David Ojeda All posts

Can't stop playing

· Reading time: 2 min

I had a femur fracture at the age of six, just one day before my kindergarten graduation event, and I had to lie in bed with a plaster cast for an entire summer. For close to three months, I couldn't go outside to play, to run, to be a kid.

But I could play videogames. And that's what I did.

I don't have recollection of being a good player at that age, I probably wasn't, but I like to think that I was, and that I actually found all shortcuts of Mario Kart in the Nintendo 64. In reality, maybe it was my brothers' playing and I had a disconnected controller in my hands that whole time.

But go figure.

I've been playing videogames since I can remember. By the time I could hold on to a controller, I had a huge inheritance from my older brothers already in place; all of their consoles and games.

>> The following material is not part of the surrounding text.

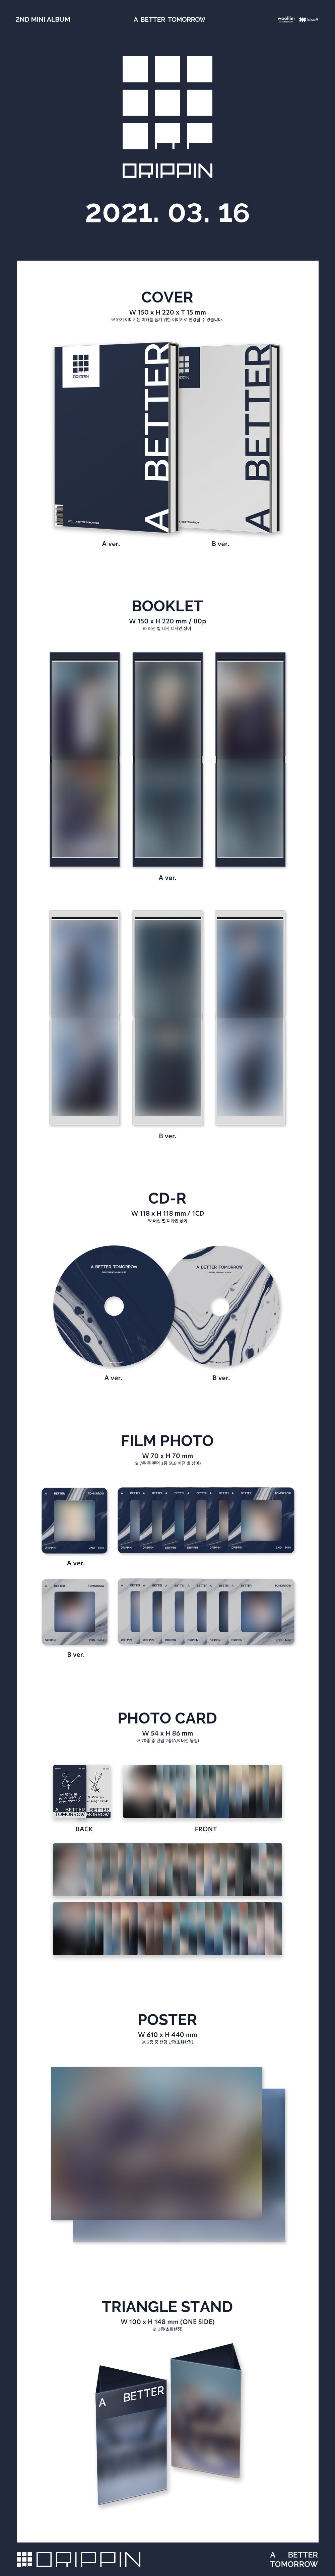 1 CD
1 Booklet (80 pages)
1 Film Photo
2 Photo Cards

Some of my most fond memories of my childhood involve playing videogames with one of my brothers, watching him beat other random strangers on the internet at StarCraft; or bringing three TVs and three Xboxes to my house to do a LAN party of Gears of War until sunrise with my friends; or even just me playing alone in my room, trying to find where I needed to go in Zelda's Ocarina of Time by using a physical Spanish-English dictionary.

My point is, since then, playing videogames has been a part of me, of my personality. To some extent, it describes a huge part of me.

I constantly joke about, in a not-so-joking way, that I'll consider myself old only when my younger siblings can beat me at any videogame. I'm in my 30s while writing this, and that hasn't happened yet.

The problem is, I do consider this an addiction now.

If I stay away from gaming for too long, I feel anxious. I feel I'm missing something. And this is only true for competitive games.

I need to show to some random stranger on the internet that I can beat them at Overwatch. I need to showcase those hard-earned skills. If I don't do it, if I can't beat them, am I still me?

Having spent that much time playing videogames, internalizing them as part of my identity, the moment I stop spending that time doing it, it throws me into flux.

Some say that people never actually stops being addicted to something, they just replace one addiction with another. From alcoholic to hardcore rock-climber; from smoker to Iron Man runner; from hardcore competitive gamer to... what?

Well, here's what I'm trying.

I'm now dedicating the time I used to spend on video games to various activities that complement gaming, without completely giving it up.

Instead of spending 15 hours a week on video games, I might only play four now, and spread the rest between playing pádel, exercising, learning Portuguese, reading, and writing more.